Поскольку ситуация выходила из-под контроля и назревал стихийный митинг, лейтенант вызвал по рации подмогу.
— Нет, ты не гаишник, ты опричник, — стыдил его тем временем Серпухин, — а в душе, может быть, еще и палач. Ты Гвоздь, вот ты кто!..
Мокей совсем уже изготовился податься в трибуны и воззвать к толпе, но тут из-за угла Большой Никитской с воем сирены выскочил милицейский «газик», и буяна упаковали на его заднее сиденье, зажав для верности с двух сторон мордастыми милиционерами. В таком спеленутом виде Серпухина и доставили в отделение, где и без него делов было невпроворот. Единственным, кто проявил к арестанту нечто похожее на человеческое сочувствие, был пожилой сержант, несший с автоматом в руках службу у телефонного аппарата:
— Ну что с тобой делать, звони! — разрешил он, но поторопил: — Только по-быстрому, пока начальство не видит…

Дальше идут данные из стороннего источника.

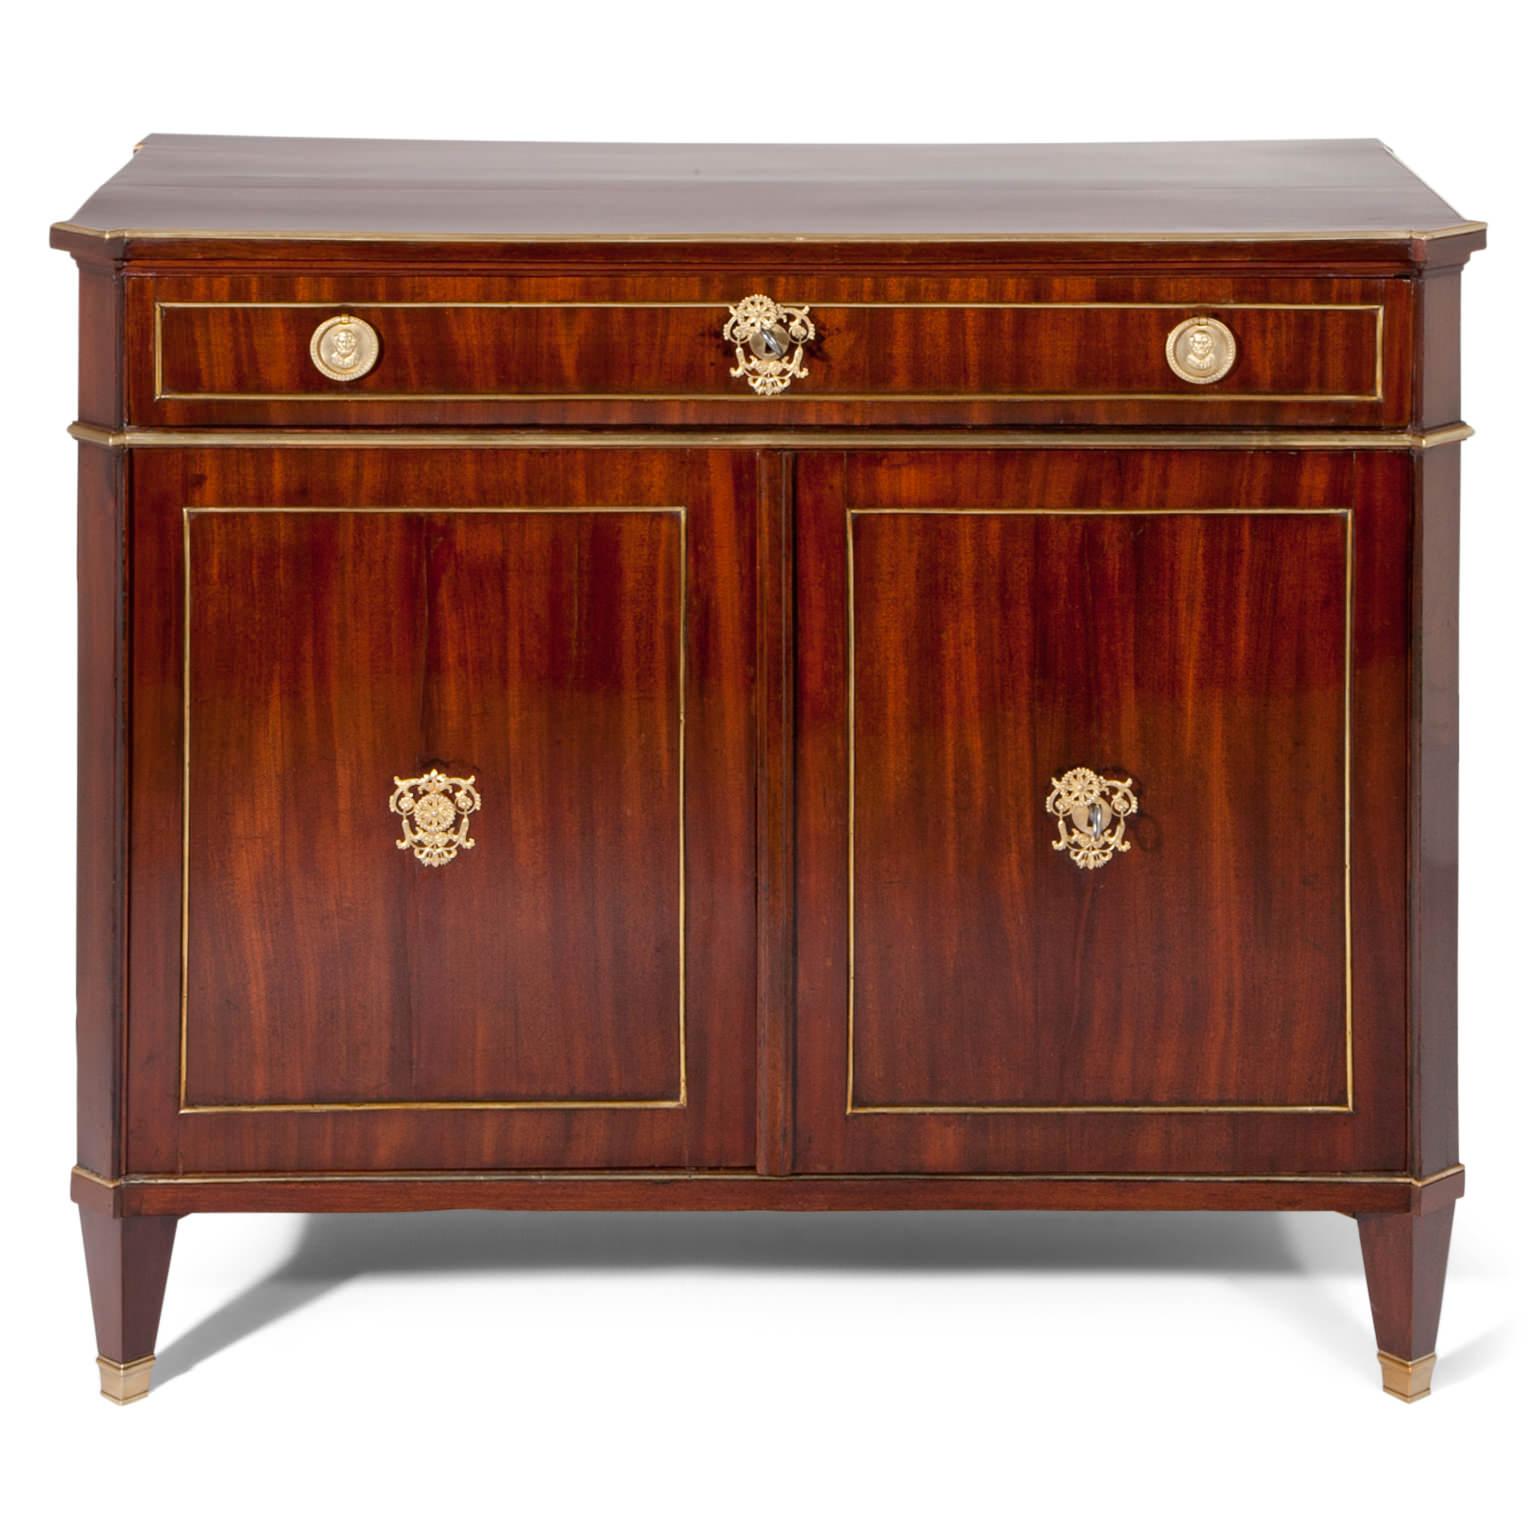 Two-doored cabinet with one top drawer and tapered feet with brass sabots. The corners of the cabinet are slanted. The fillings and edges of the cabinet are framed with brass moldings.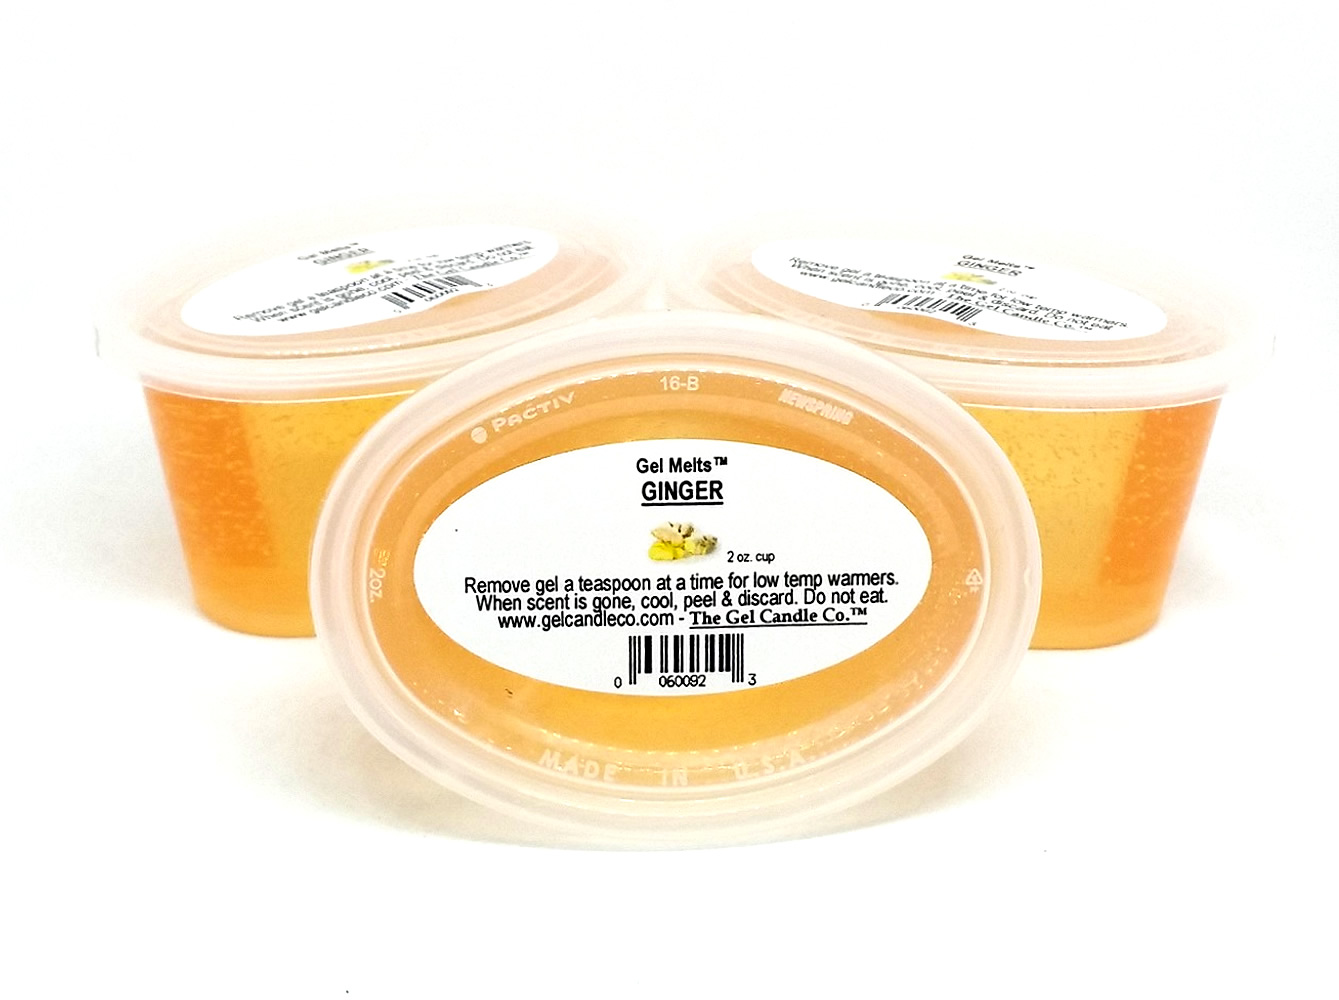 Ginger scented Gel Melts™ Gel Wax for warmers - 3 pack

Но тут оказалось, что избалованный мобильниками Серпухин не помнит наизусть ни одного номера, кроме того, который, так уж получилось, состоял сплошь из памятных дат. По счастливой случайности именно его владелец больше всего Мокею был и нужен. Шансы застать Ксафонова на месте близки к нулю, прикидывал Серпухин, вслушиваясь в длинные гудки, но других вариантов все равно не было. Ему ответил приятный женский голос. Услышав его, Мокей замер, сердце екнуло и сладко заныло. Незнакомая собеседница и сказать-то толком ничего не успела, а он уже знал, что в его жизнь вошло нечто новое и значительное. Аполлинария Рэмовича в Думе действительно не было, но, поняв кто и откуда ему звонит, девушка клятвенно обещала достать Ксафонова хоть из-под земли. Наслаждаясь переливами ее звенящего голоса, арестант смотрел на усатого сержанта с такой нежностью, что от этого взгляда тот потупился и принялся гладить заскорузлой ладонью цевье автомата.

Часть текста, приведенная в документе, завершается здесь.